Она открыла. Запах сказал Нотр-Даму больше, чем самый вид негра.
— Ну, и вонища! Да у тебя жилец… Неплохо. Ладно, мне надо выспаться, я просто падаю. Найдется место?
Горги просыпался. Он смутился, обнаружив, что у него поднялся член, как это случается по утрам. От природы он был застенчив, но белые научили его бесстыдству, и страстно желая походить на них, он их даже превзошел. Опасаясь, что его движение покажется смешным, он не стал натягивать на себя одеяло. Он просто подал руку Нотр-Даму, которого прежде не знал. Дивина представила их друг другу.
— Чаю выпьешь?
— Как скажешь.
Нотр-Дам присел на кровать. Он приноравливался к запаху. Пока Дивина готовила чай, он распутывал узлы на шнурках. Можно было подумать, что обувался и разувался он в темноте. Снял пиджак и бросил его на ковер. Вода уже закипала. Вместе с ботинками он попытался стянуть и носки: ноги у него потели, и он боялся, что запах почувствуется в комнате. У него не совсем получилось, однако ноги ничем не пахли. Он удерживался, чтобы не бросить взгляд на негра, и думал: «Я должен дрыхнуть рядом Снегурочкой? Может, он все-таки сползет с кровати?» Дивина была не совсем уверена в Горги. А вдруг он был одним из тех бесчисленных стукачей, что работают на полицию нравов? Она не стала ни о чем расспрашивать Нотр-Дама. Впрочем, Нотр-Дам был таким же, как обычно. Ни в глазах, ни в уголках губ не было заметно следов усталости, только волосы слегка спутались. Несколько прядей спадало на глаза. Как после весело проведенной вечеринки. Он ждал на краю кровати, уперев локти в колени и поскребывая нечесаную гриву.
— Ну, что там с водой?
— Кипит.
Вода на электроплитке закипела Дивина заварила чай. Приготовила три чашки. Горги уже сидел. Он пробуждался, медленно проникаясь окружающими его предметами и существами, и прежде всего самим собой. Он ощущал свое существование. Он излучал несколько робких мыслей: тепло, незнакомый парень, у меня поднялся член, чай, пятна на ногтях (лицо американки, не пожелавшей пожать руку одному из его приятелей), десять минут девятого. Он не помнил, чтобы Дивина рассказывала ему об этом незнакомце. Всякий раз, когда Дивина говорила о нем, она говорила «друг», потому что убийца просил никогда не называть его Нотр-Дам-де-Флер при незнакомых. Впоследствии это уже не имело никакого значения. Горги снова смотрит на него. Чуть сзади он видит его профиль и затылок. Это как раз та голова, что приколота к стене английской булавкой. Но в жизни он кажется лучше, и Нотр-Дам, чуть повернувшись к нему:
— Слушай, приятель, уступи мне немного места. Я всю ночь не сомкнул глаз.

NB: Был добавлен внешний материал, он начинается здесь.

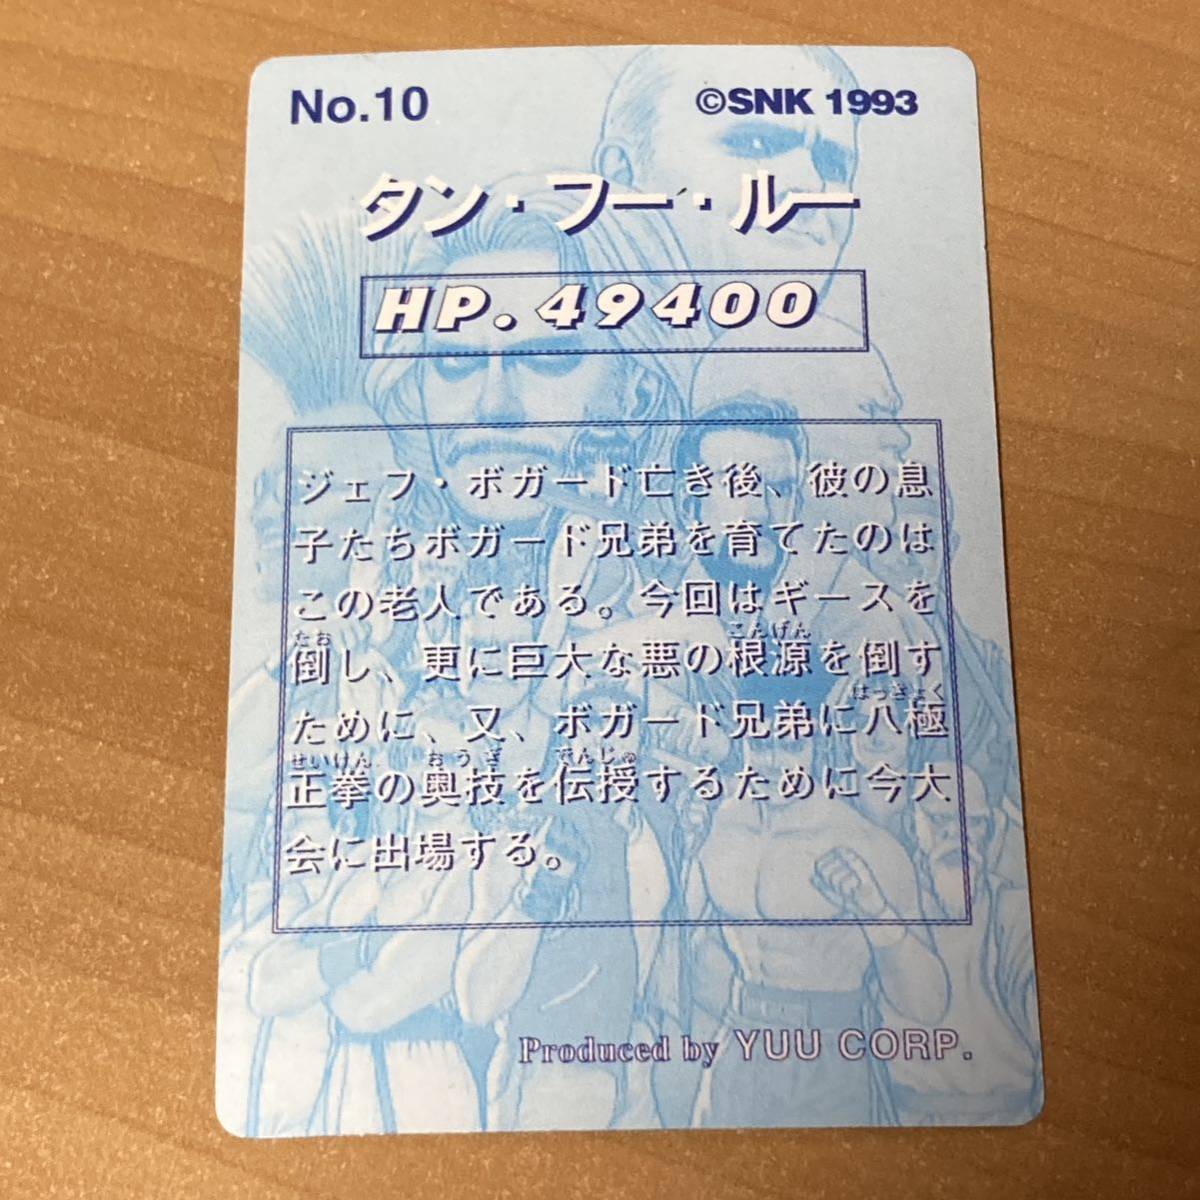 [美品] 餓狼伝説SPECIAL タンフールー No.10 カードダス キラ 1993 SNK CR A57_画像4

— Ради бога, старик. Я уже встаю.
Как известно, Нотр-Дам никогда не извинялся. Не то, чтобы все были ему чем-то обязаны, просто все, что случалось, должно было случиться неизбежно (и случалось в порядке очередности), — и лично ему ничего не полагалось, никакого особенного внимания, никаких знаков почтения, так что все в конце концов происходило в соответствии с единственно возможным порядком.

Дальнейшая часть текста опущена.